Science

'Ancient visual paths' guide blind man through obstacle course: study

A man who is clinically blind was able to navigate an obstacle course successfully, European researchers say in a study to be released Tuesday.

A man who is clinically blind was able to navigate an obstacle course successfully using "ancient visual paths," European researchers say in a study to be released Tuesday.

The Swiss patient, a doctor known as TN, was left blind after consecutive strokes. Tests showed he had no activity in the visual cortex, the main region of the brain that processes what people see. The man had selective damage to the visual cortex in both sides of the brain.

"This is absolutely the first study of this ability in humans," said Beatrice de Gelder of Tilburg University, the Netherlands, and of the Martinos Center for Biomedical Imaging at Harvard in Massachusetts.

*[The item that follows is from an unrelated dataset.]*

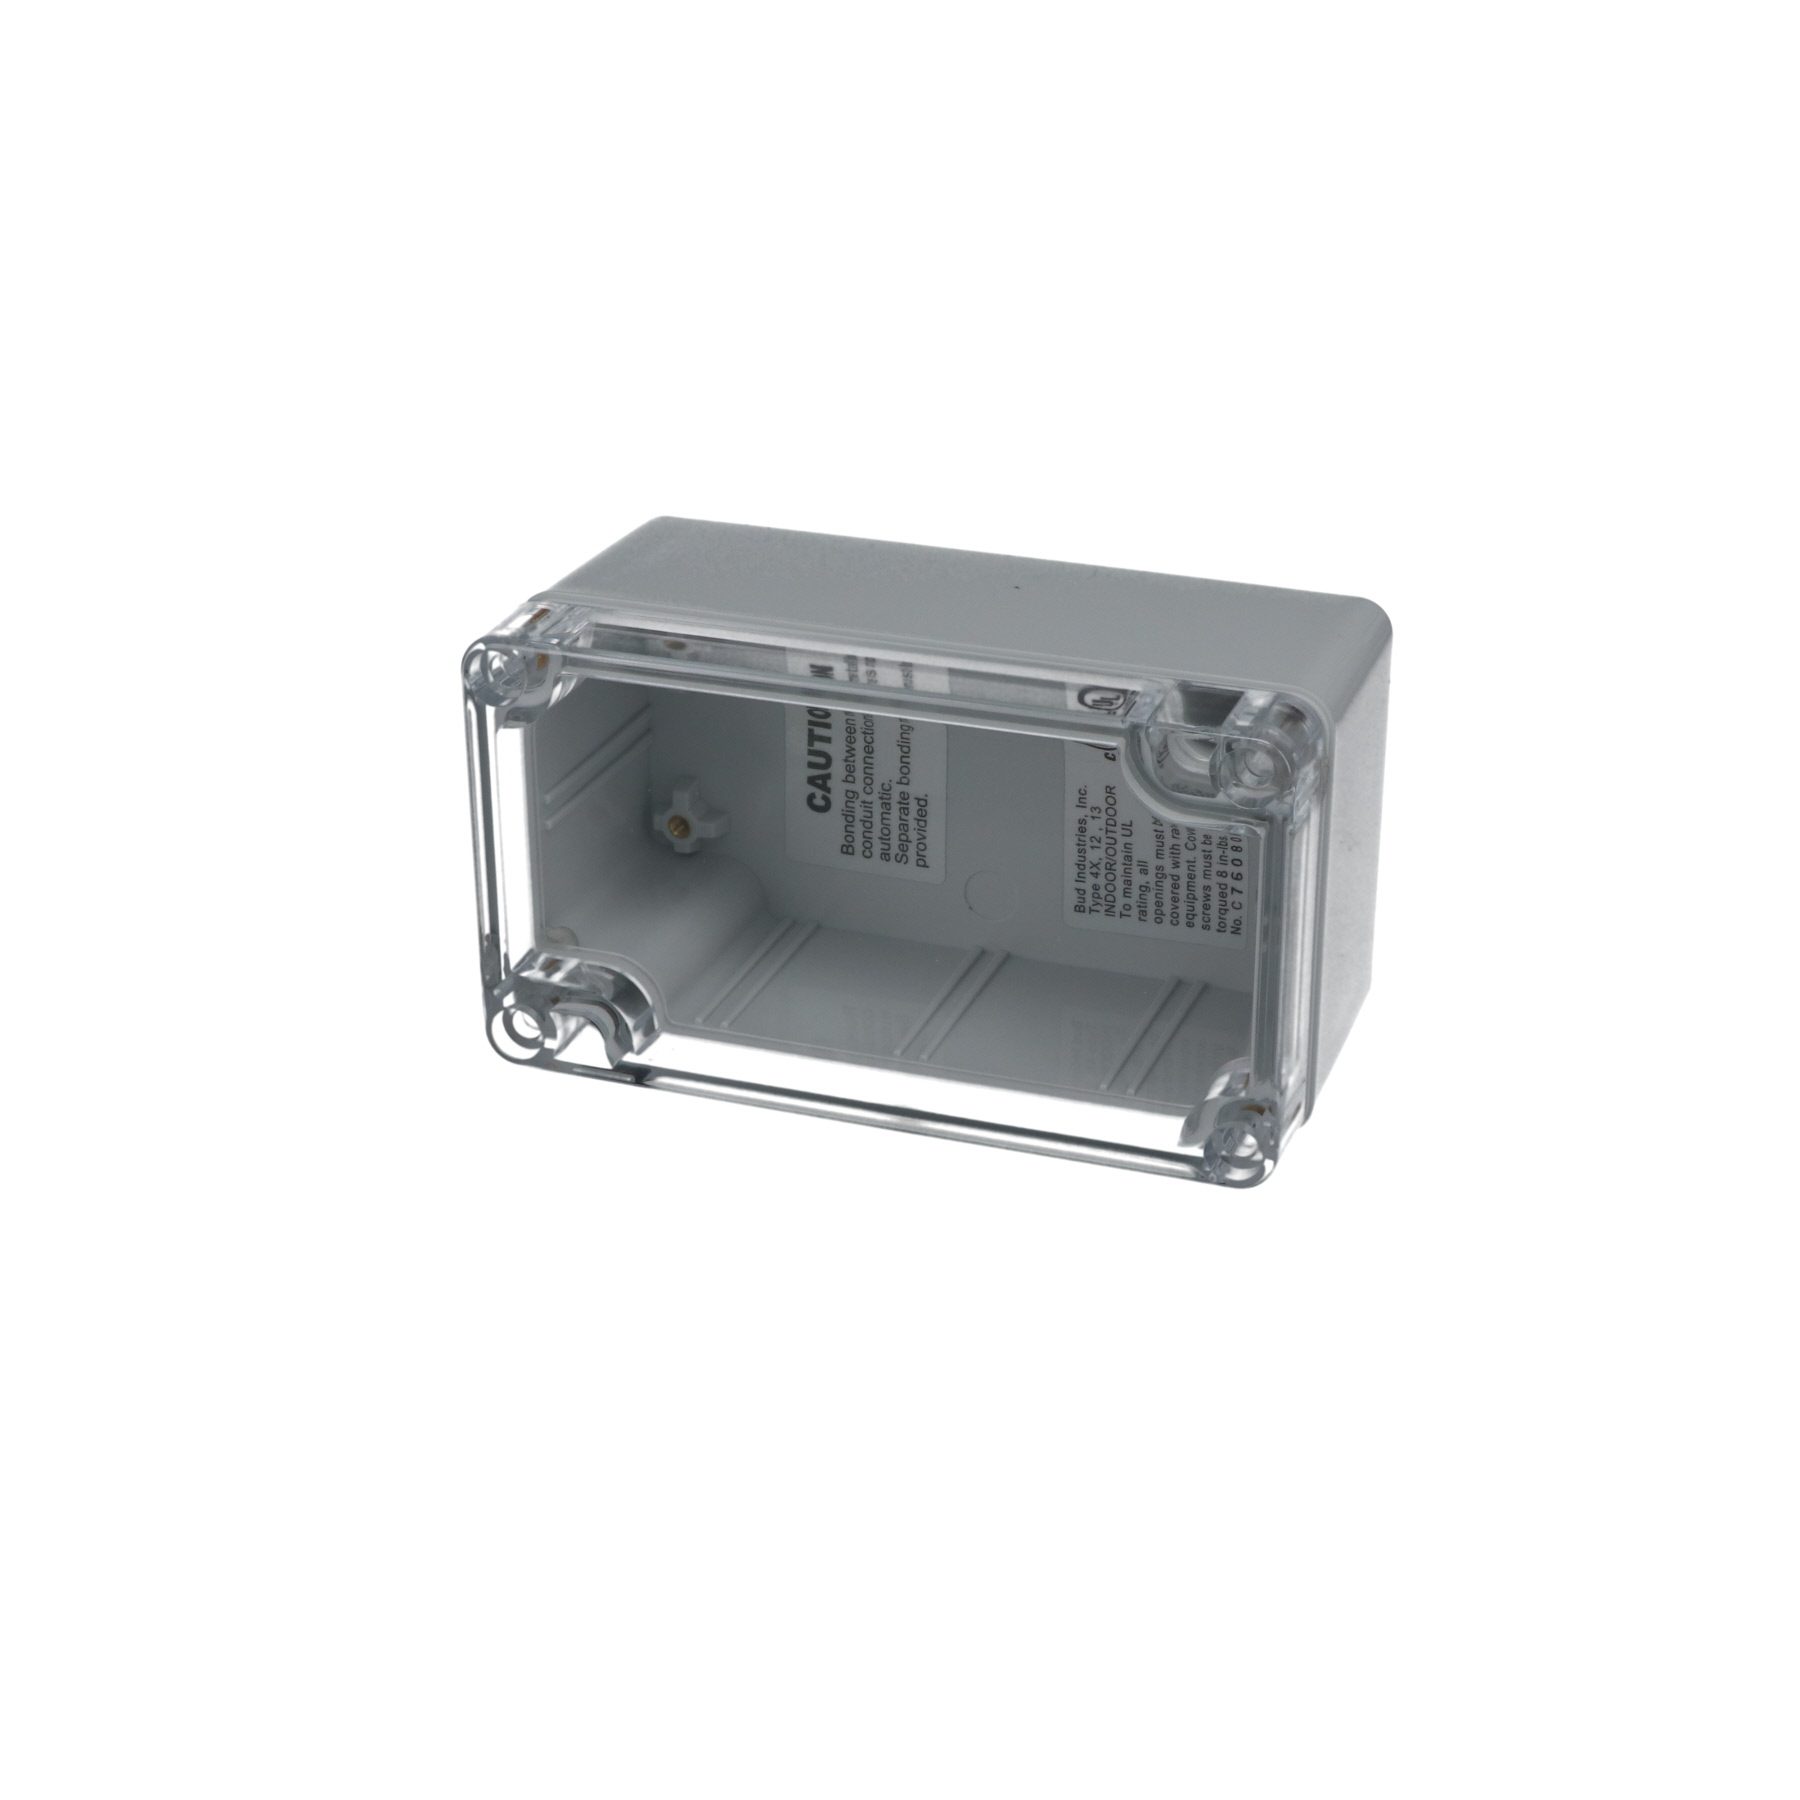 IP65 NEMA 4X Box with Clear Cover PN-1322-C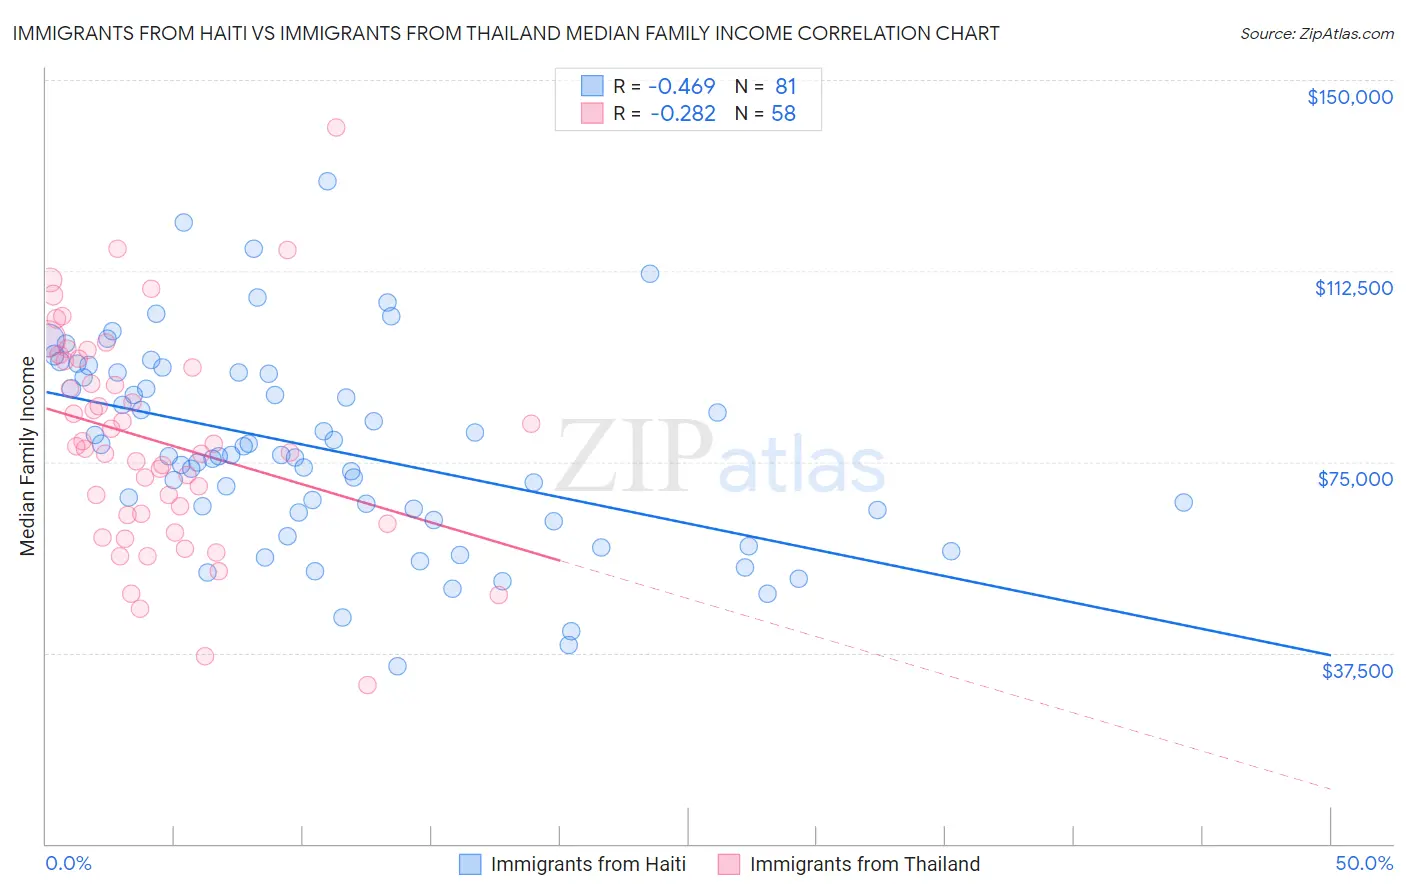 Immigrants from Haiti vs Immigrants from Thailand Median Family Income

"We see what humans can do, even with no awareness of seeing or any intentional avoidance of obstacles. It shows us the importance of these evolutionarily ancient visual paths. They contribute more than we think they do for us to function in the real world."

Preliminary tests showed TN had blindsight — the ability to detect things in the environment without being aware of seeing them. Tests monitoring activity in his brain showed that he responded to facial expressions of fear, anger and joy in others.

In Tuesday's issue of the journal Current Biology, de Gelder and her colleagues described tests of TN's navigational ability.

Applause for collision-free result

TN usually uses a stick to track obstacles and someone helps to guide him when he walks around buildings. The researchers built an obstacle course of randomly arranged boxes and chairs, and asked him to cross it without using his cane or the help of someone else.

"An experimenter always followed behind him during his traversing the course in case of a fall or collision, which seemed a real possibility given his clinical blindness," the study's authors wrote.

"Astonishingly, he negotiated it perfectly and never once collided with any obstacle, as witnessed by several colleagues who applauded spontaneously when he completed the course."

It is theoretically possible that TN used sound waves instead of sight as a guide, the researchers said. But they added it is unlikely since no sounds were detected from the people or objects, and he navigated the course more accurately than humans can do using sounds.

The experiment suggested that the brain has alternative visual paths that allow people to orient themselves to obstacles.

"All the time, we are using hidden resources of our brain and doing things we think we are unable to do," de Gelder said.

"There is much that patients can do outside the grip of their being too aware of what they cannot do."

The findings are important because they help us to understand how vision might have evolved, said Colin Ellard, associate chair of the department of psychology at the University of Waterloo in Ontario.

Visual ability without consciousness

People tend to think vision works like a camera, with light coming in through the eye, forming an image on the retina, and the brain reconstructing a mental image.

But parts of our visual system do not need consciousness, such as how the size of the pupil changes in response to different levels of illumination, Ellard said.

Our brains are organized with relatively independent systems solving problems such as reaching out and grabbing an object, understanding a facial expression or judging if a fruit is ripe.

"So a brain lesion that makes it impossible for a patient to 'see' in the everyday sense of that word might leave intact all kinds of interesting visual abilities that don't involve consciousness at all," Ellard said in an e-mail. "That's what we're seeing in this patient."

This study highlights how these different abilities depend on different parts of the brain, he said.

Similar findings were reported in Helen, a monkey with damage in both sides of the brain. In the monkey's case, the lesion was not absolutely complete in one hemisphere, so researchers surmised a small region of intact vision in the far periphery of the right visual field added some ambiguity to the animal's obstacle course performance.